Cotton Sian, Grossoehme Daniel, Rosenthal Susan L, McGrady Meghan E, Roberts Yvonne Humenay, Hines Janelle, Yi Michael S, Tsevat Joel
Department of Family Medicine, University of Cincinnati College of Medicine, Cincinnati, OH 45267-0840, USA.
J Pediatr Hematol Oncol. 2009 May;31(5):313-8. doi: 10.1097/MPH.0b013e31819e40e3.

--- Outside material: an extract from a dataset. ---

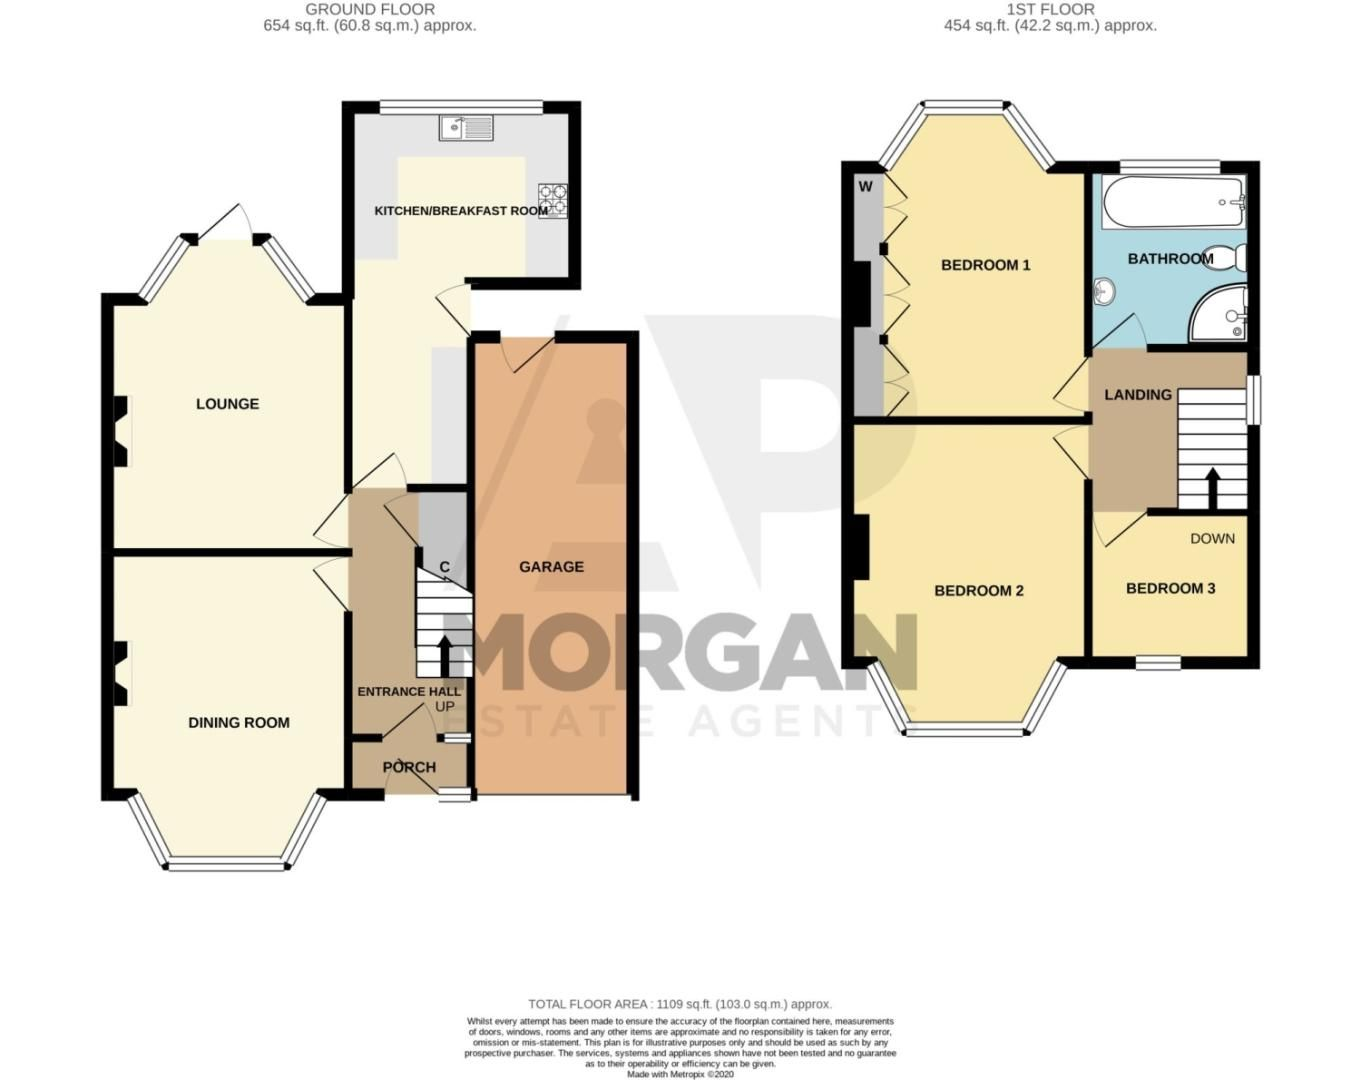 3 bed semi-detached for sale in Howley Grange Road, Halesowen - Property Floorplan

Religious/spiritual (R/S) coping has been associated with health outcomes in chronically ill adults; however, little is known about how adolescents use R/S to cope with a chronic illness such as sickle cell disease (SCD). Using a mixed method approach (quantitative surveys and qualitative interviews), we examined R/S coping, spirituality, and health-related quality of life in 48 adolescents with SCD and 42 parents of adolescents with SCD. Adolescents reported high rates of religious attendance and belief in God, prayed often, and had high levels of spirituality (eg, finding meaning/peace in their lives and deriving comfort from faith). Thirty-five percent of adolescents reported praying once or more a day for symptom management. The most common positive R/S coping strategies used by adolescents were: "Asked forgiveness for my sins" (73% of surveys) and "Sought God's love and care" (73% of surveys). Most parents used R/S coping strategies to cope with their child's illness. R/S coping was not significantly associated with HRQOL (P=NS). R/S coping, particularly prayer, was relevant for adolescents with SCD and their parents. Future studies should assess adolescents' preferences for discussing R/S in the medical setting and whether R/S coping is related to HRQOL in larger samples.
宗教/精神(R/S)应对方式已被证明与慢性病成年患者的健康状况相关;然而,对于青少年如何利用宗教/精神因素来应对诸如镰状细胞病(SCD)等慢性病,我们却知之甚少。我们采用混合方法(定量调查和定性访谈),对48名患有镰状细胞病的青少年及其42名家长进行了研究,以探讨宗教/精神应对方式、精神性及与健康相关的生活质量。青少年报告称宗教活动参与率高、相信上帝、经常祈祷且精神性水平高(例如,在生活中找到意义/安宁并从信仰中获得慰藉)。35%的青少年报告每天为症状管理祈祷一次或更多次。青少年最常用的积极宗教/精神应对策略是:“祈求宽恕我的罪过”(73%的调查对象)和“寻求上帝的爱与关怀”(73%的调查对象)。大多数家长使用宗教/精神应对策略来应对孩子的疾病。宗教/精神应对与健康相关生活质量(HRQOL)无显著关联(P = 无统计学意义)。宗教/精神应对,尤其是祈祷,对患有镰状细胞病的青少年及其家长而言具有重要意义。未来的研究应评估青少年在医疗环境中讨论宗教/精神问题的偏好,以及宗教/精神应对在更大样本中是否与健康相关生活质量有关。